И Нина слушалась, отдавала сына к ней на все лето, и сама жила то здесь, то там, в городе, с Шуркой.
Милочке тоже было от этого лучше. Она хотя и была старше племянника на два года, но разницы этой не чувствовалось, то есть сама значения этому никакого не придавала, и в играх детских преимущества возрастные не сказывались. Ну а любила Милочка Максика, как родного брата, временно отделенного от нее для жизни в городе с ее второй мамой, которая и сестра еще.
Но это было поначалу, лет до пяти. Дальше единственной мамой все больше и больше становилась Полина Ивановна, и только она. Нина автоматически стала занимать только место сестры, со временем оно упрочилось и определилось окончательно и стало привычным для всех Ванюхиных.
Таким образом, дядя Шура стал мужем взрослой Милочкиной сестры и маминым сыном, значит, для нее он стал к моменту сознательного распределения родственных связей в семье чем-то усредненным между взрослым братом и дядей, но, как бы там ни было объяснено, он был просто дядя Шура, который привозил подарки, сестру Нину и племянника Максика.
Году на шестом Милочка спросила сначала маму, а затем перепроверила это же у сестры: может ли она, когда вырастет, «пожениться» на Максике. Обе одинаково заулыбались и ответили отрицательно, но было видно, что вопросом они остались довольны. Недовольна, однако, осталась Милочка: разочарование было сильным и с непонятной для нее причиной: разница в возрасте позволяла ей ухаживать за четырехлетним племянником, во всяком случае, играть в заботу и уход. Поэтому Милочке было обидно, что не разрешают, а хочется…
Учиться ее отдали в ту же 22-ю школу на поселке, что заканчивал Шурка. Таким образом, к восемьдесят седьмому Милочка успешно перешла в третий класс вместе с пришпиленной к фартуку октябрятской звездочкой, чем очень гордилась…
В восемьдесят шестом году, когда ее детям исполнилось шесть лет, Нине повезло. Теперь уже по-настоящему, напрямую, без смутных догадок и изводящих душу мучительных сомнений.
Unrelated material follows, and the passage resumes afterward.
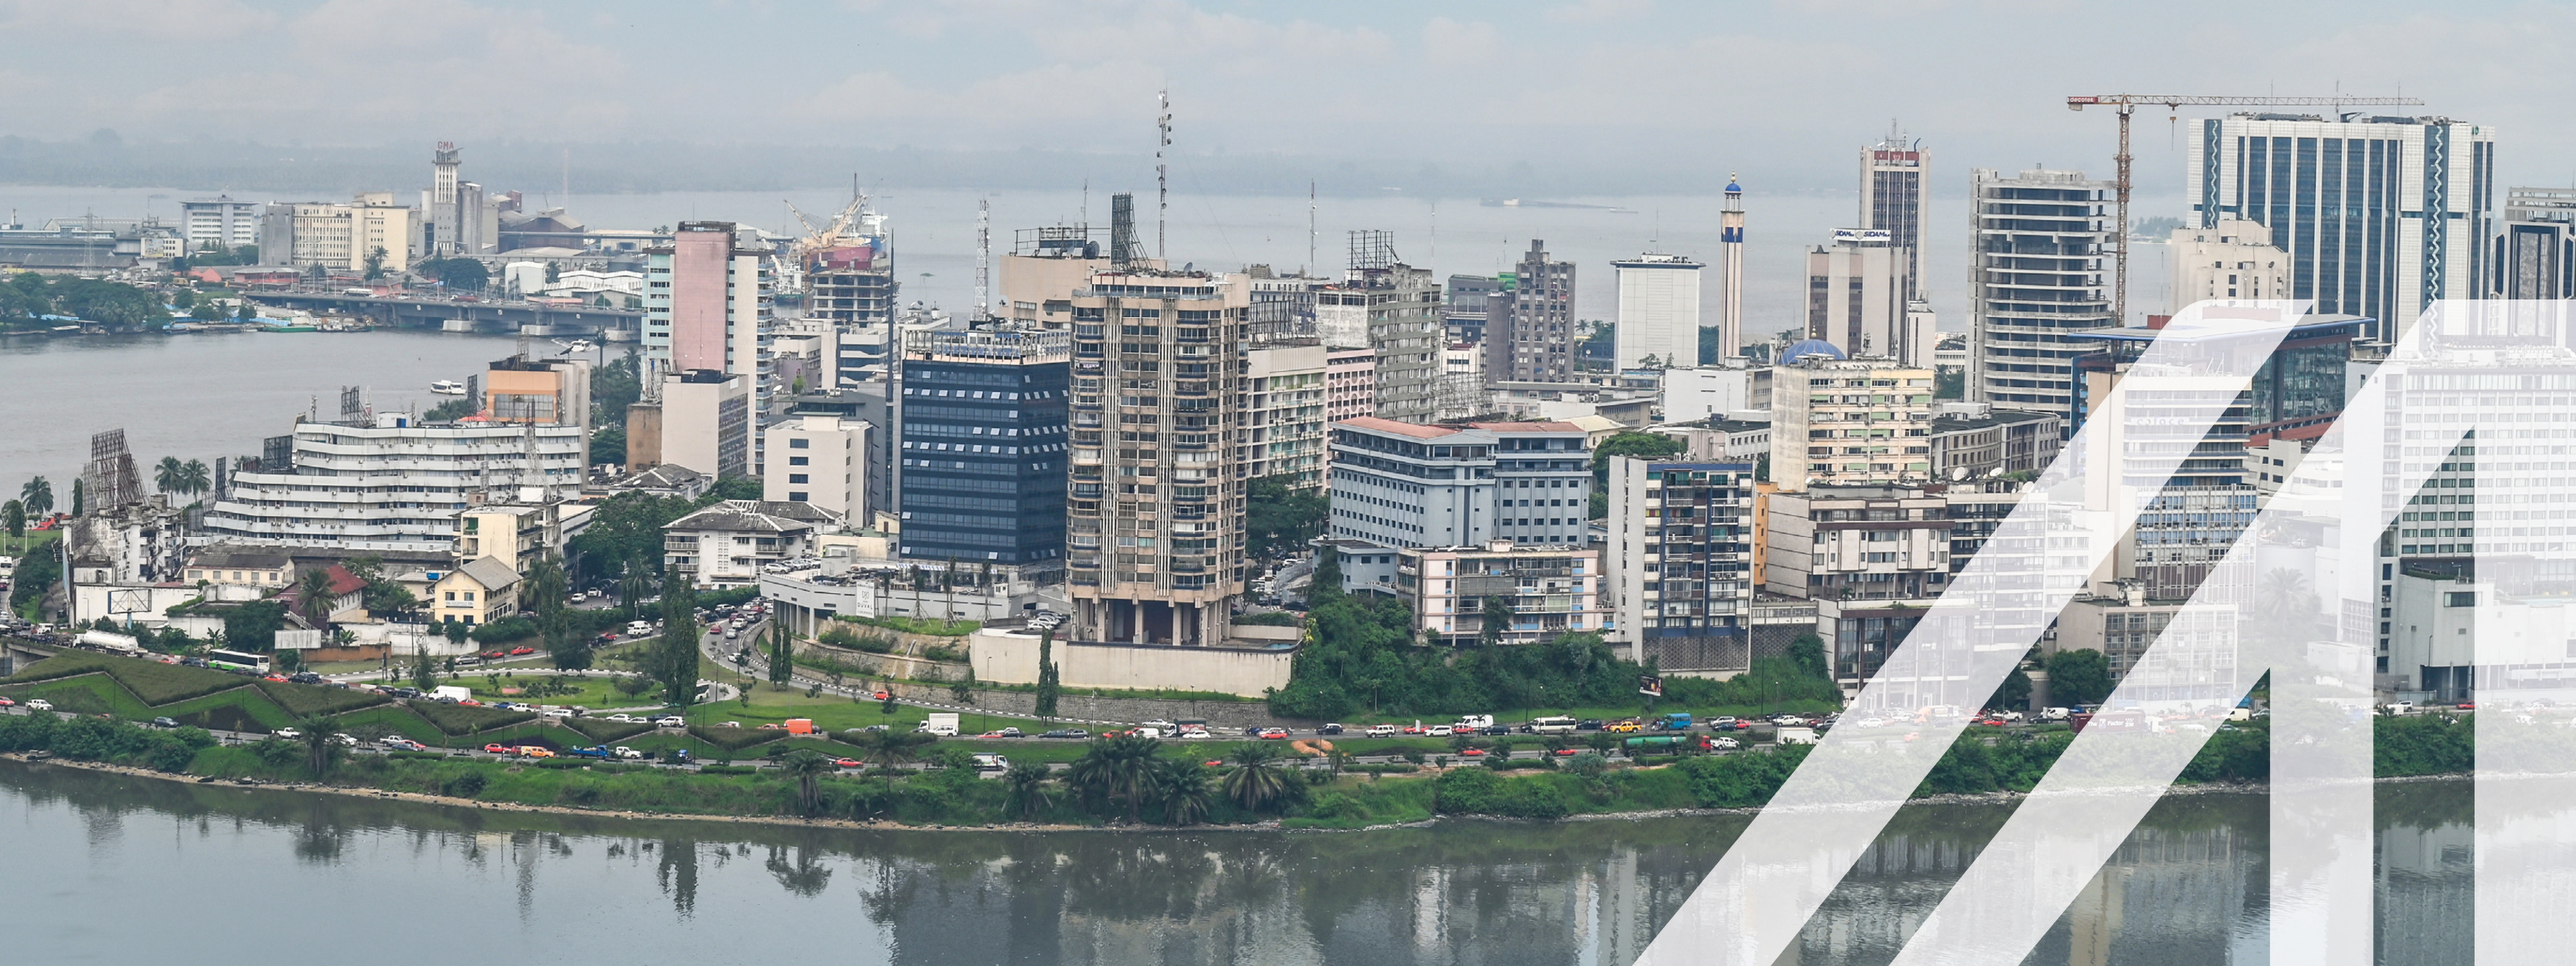 Stadtansicht von Abidjan unter blauem Himmel mit modernen Hochhäusern an einem begrünten Ufer

Она увидала своего сына Ивана так, как мечтала увидеть. Был август, самый конец его, сухой и необычно теплый для Москвы, почти жаркий.
Она по обыкновению построила свой пеший маршрут так, чтобы не миновать знакомый дом и двор, не рассчитывая на удачу, тоже как обычно. Но на этот раз ошиблась. Ванечка ее, Ванюша, сыночек второй, чуть не сбил ее с ног, выскочив из третьего подъезда с поводком в правой руке.
Первым она увидела Торри Второго, хотя он немало изменился со времени последней встречи. Но, несмотря на облезлую спину с розовыми пятнами, выглядывающими из-под кустиков тигровой шерсти, Торри Второй тянул, как паровоз, стремясь скорее пересечь безынтересную асфальтовую полосу и добраться до земляных запахов, поближе к травянистому дворовому газону. Мальчик только успел вскрикнуть «ой!», и бульдог утащил его дальше. Дальше от нее, от Нины Ванюхиной, от родной матери.